As the Great Depression brought plummeting coffee prices and widespread unemployment, the Central American oligarchies responded to growing unrest with repression. Dictators ruled everywhere but Costa Rica. In El Salvador, growing conflict led to a peasant (largely Indian) uprising in January 1932. The uprising was put down easily and its leaders, including Augustin Farabundo Marti, a communist, were captured and killed. However, for good measure, the dictator, Maximiliano Hernandez Martinez, ordered troops to keep killing peasants. The resulting slaughter of 30,000 peasants was seared into the memories of Salvadorans. Hernandez Martinez represented the coffee growers and resisted efforts at modernization. In 1944 he was overthrown by a civilian movement, but the coffee oligarchy and the conservative military soon reasserted control.

That same year in Guatemala a largely middle-class revolt threw out dictator Jorge Ubico. For the next ten years Guatemala experienced democracy and underwent a series of reforms. However, the Eisenhower administration regarded the government of Jacobo Arbenz as communist controlled. Moreover, in 1953 the government began a land reform program in which over a thousand estates were expropriated and land distributed to over 100,000 families in a year a half. The Arbenz government applied the reform to the United Fruit Company, the largest landholder in the country, offering to pay for the land at the value the company had been declaring for tax purposes (which was a fraction of its real worth). Cold War ideology and economic interests went hand in hand, since John Foster Dulles, the U.S. Secretary of State, was also a member of the law firm that served United Fruit.

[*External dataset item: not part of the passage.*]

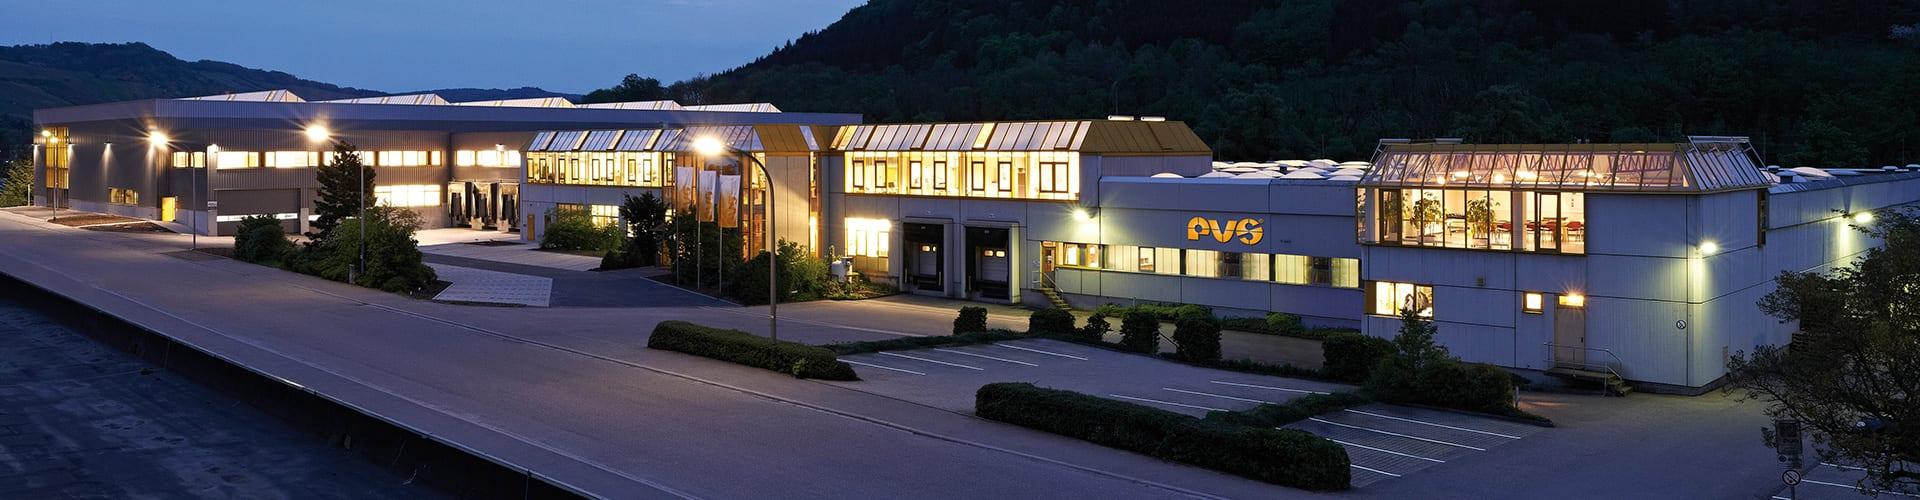 Werbeagentur Heilbronn, Webagentur Heilbronn, Internetagentur Heilbronn, Film Heilbronn, Website Heilbronn, Filmproduktion Heilbronn, beste Werbeagentur Heilbronn, Heilbronn Werbeagentur
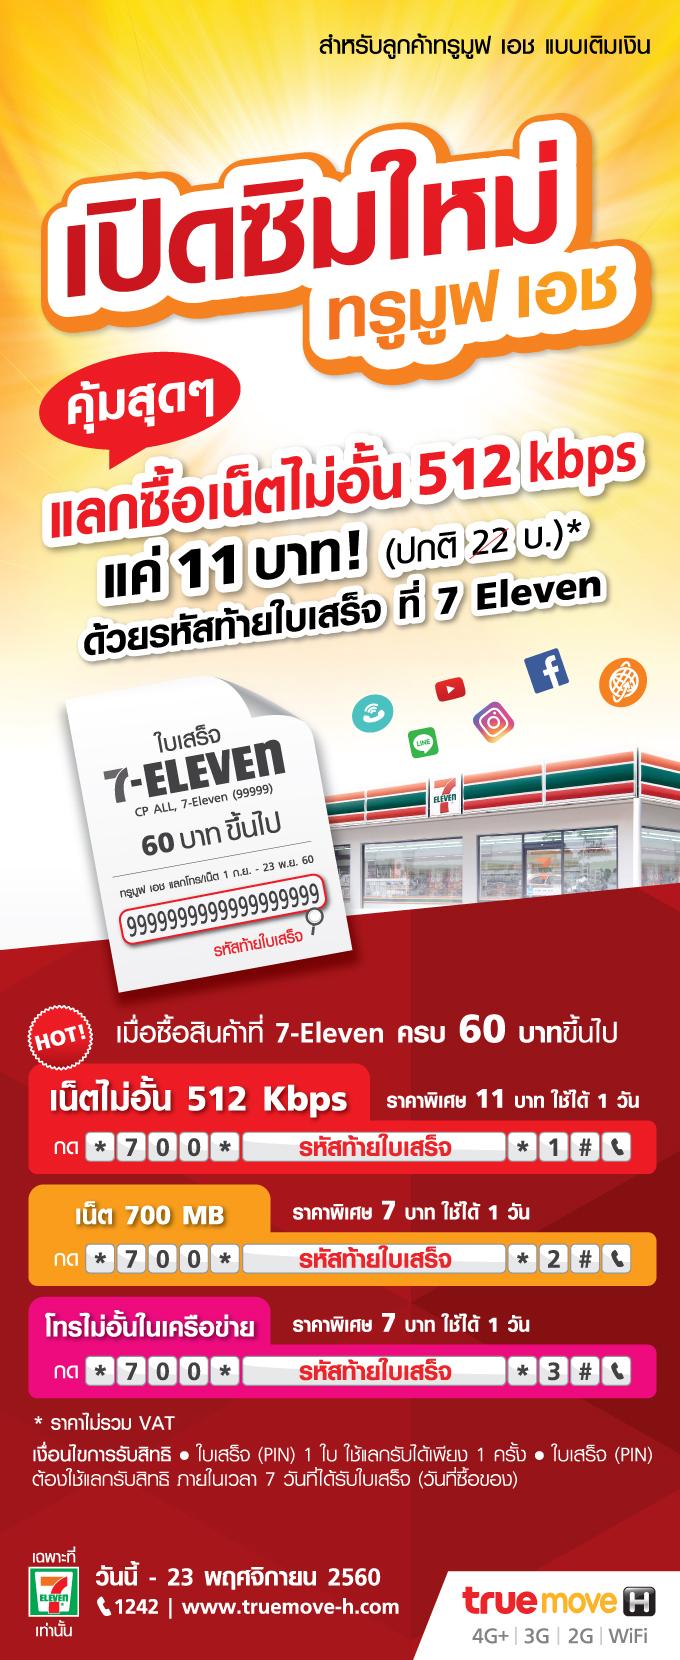 รหัสท้ายใบเสร็จ 7-Eleven แลกค่าเน็ตหรือค่าโทร ราคาพิเศษ!

The United States sought to isolate Guatemala diplomatically, and the CIA undermined the government with such covert actions as flying over Indian villages and dropping copies of an anticommunist pastoral letter written by Archbishop Rossell of Guatemala City. When the CIA bombed Guatemala City and the Guatemala Army, already undermined by the CIA, refused to support him, Arbenz resigned. The new president, Carlos Castillo Armas, was flown in on a U.S. embassy plane. The wealthy were given back their land, union leaders and others were killed or jailed (the “liberating force” used lists supplied by the U.S. embassy), and Guatemalans began to experience the long night of murder and repression under army domination that continues to this day.

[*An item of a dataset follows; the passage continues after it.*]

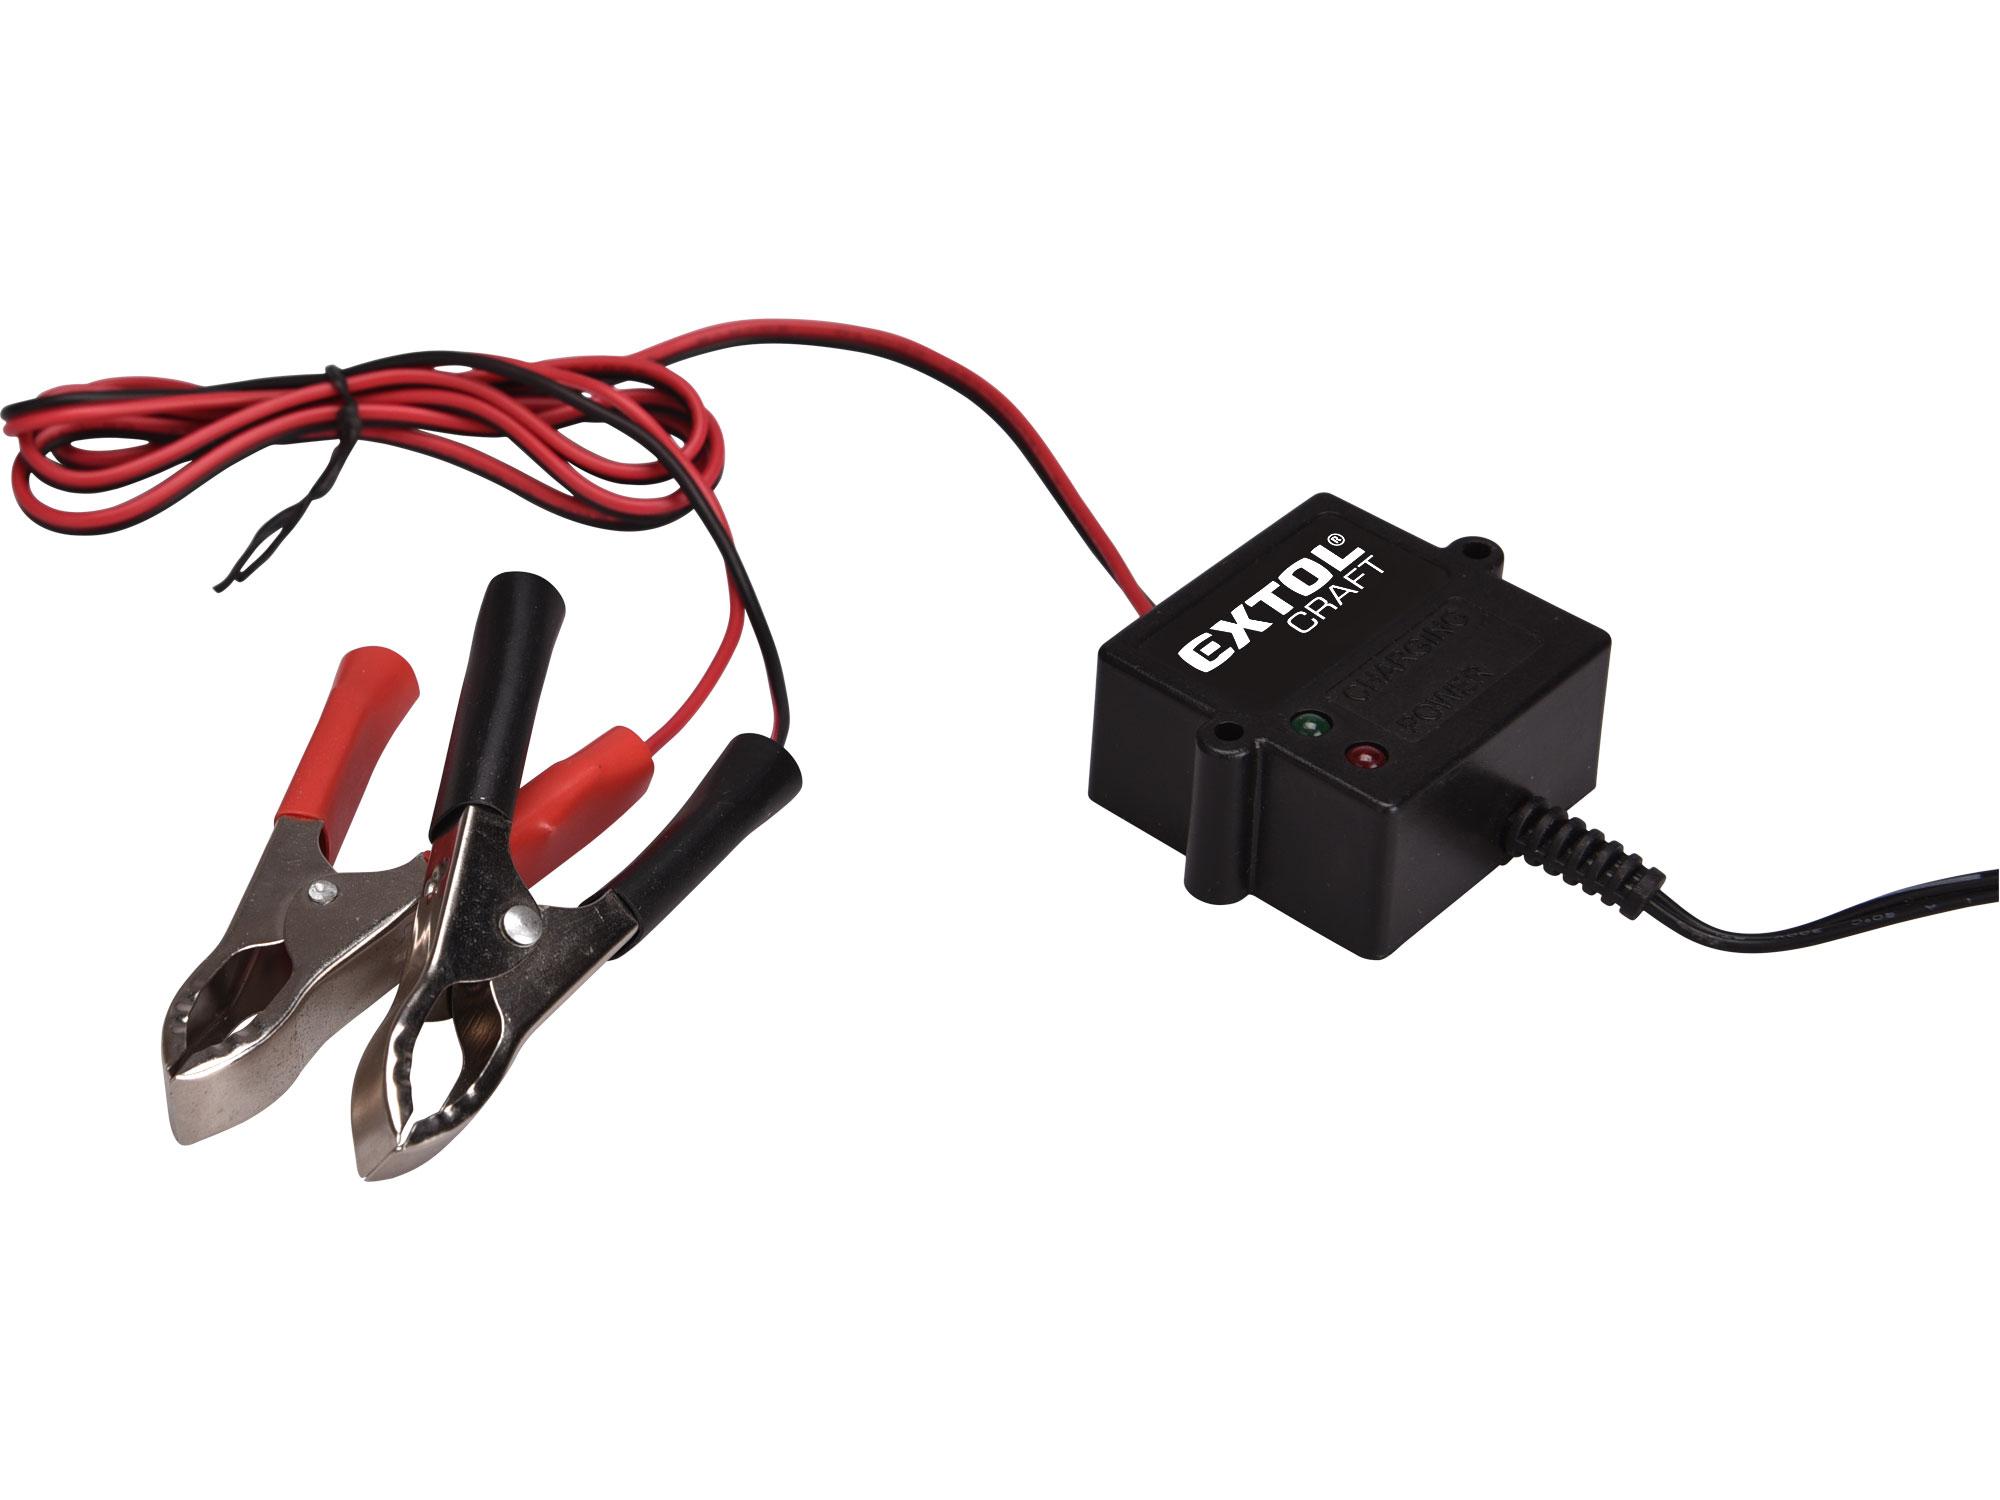 Autonabíječka udržovací, 12V, 500mA EXTOL CRAFT 417302

For Central Americans these developments—the Somoza dictatorship, the 1932 massacre in El Salvador, and the CIA overthrow of the Arbenz government—were severe traumas. Real power remained concentrated in the hands of small rich landholding elites, backed up by the military, who were willing to imprison, torture, and murder opponents. Governments may have fluctuated between electoral democracy and military dictatorship, but no political movement was able to seriously threaten the power of the elites. Moreover, those elites could count on the support of the United States. Hence, for decades they could afford to ignore the needs of the majority and suppress occasional protest.

MODERNIZATION AND CRISIS

In the conventional view, the “crisis” in Central America reputed in the late 1970s was the result either of an economic decline brought about by the world recession (according to liberals) or of the Marxist subversion (according to conservatives). In the experience of Central Americans, both the crisis and people’s struggle to deal with it occurred much earlier. The crisis was primarily a result of the way the development of the last few decades has affected ordinary people.

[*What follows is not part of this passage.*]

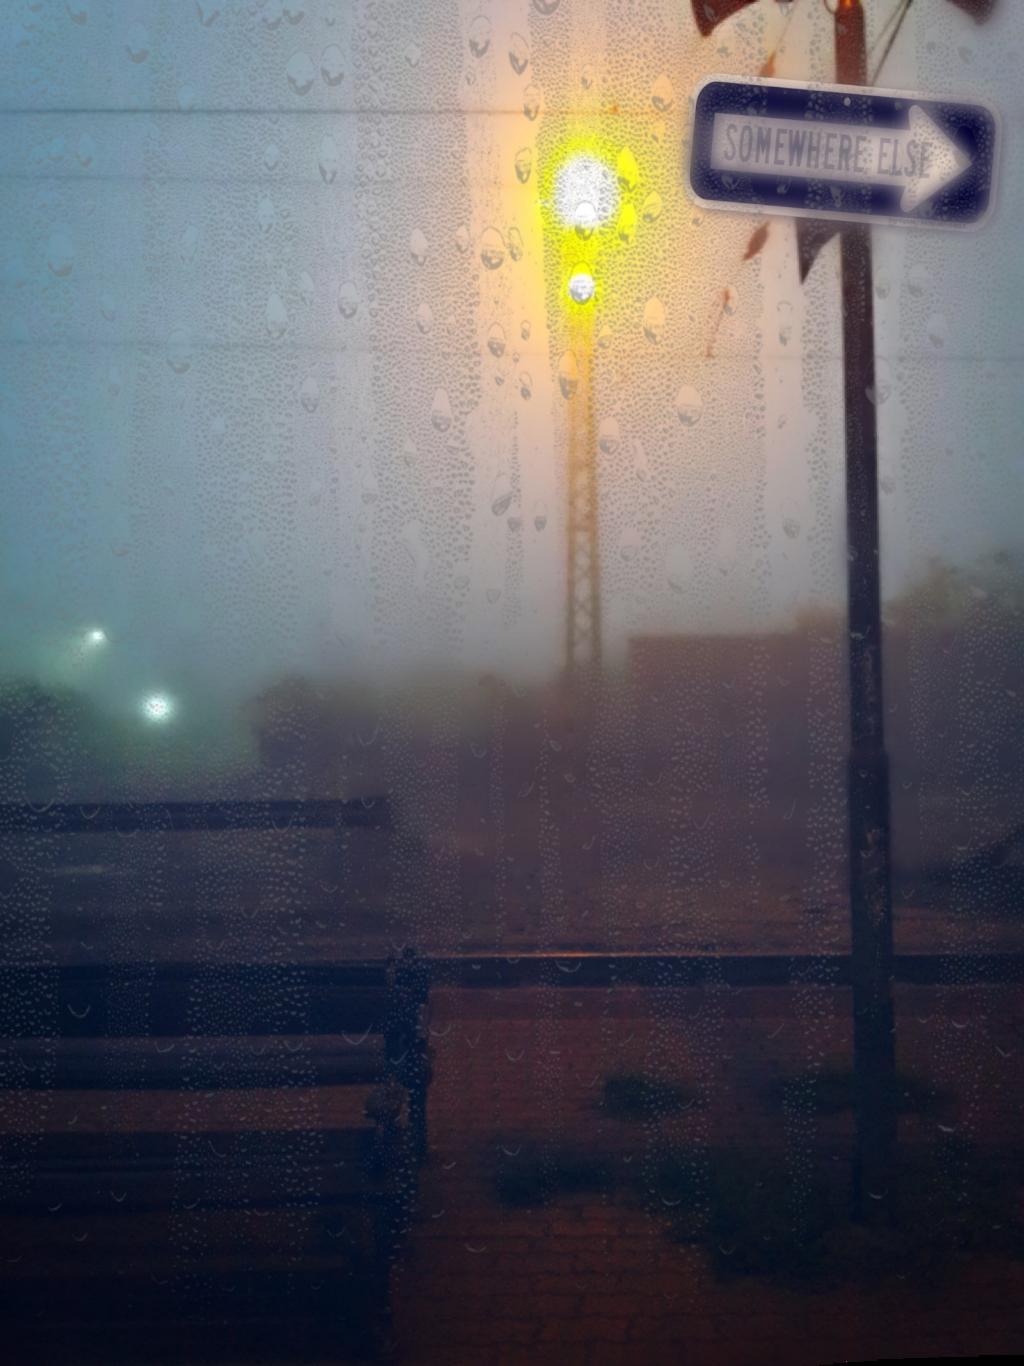 #dawn #fog #foggymorning #station

Central America was slow to modernize, even by Latin American standards. The coffee elites had little incentive to innovate, since the profits enabled them to import expensive automobiles and other luxury goods, to send their children abroad for study, and to travel themselves. Nevertheless, by the 1940s there was a growing sentiment for “modernization.” Modernizers believed that their countries should both move away from an almost total dependence on coffee and export other crops and begin to industrialize in order to manufacture the products that were being imported. The civilian movements that overthrew the personal dictatorships in El Salvador and Guatemala in 1944 were motivated partly by a sense that Hernandez Martinez and Ubico stood in the way of modernization. In Nicaragua the Somozas themselves took up modernization.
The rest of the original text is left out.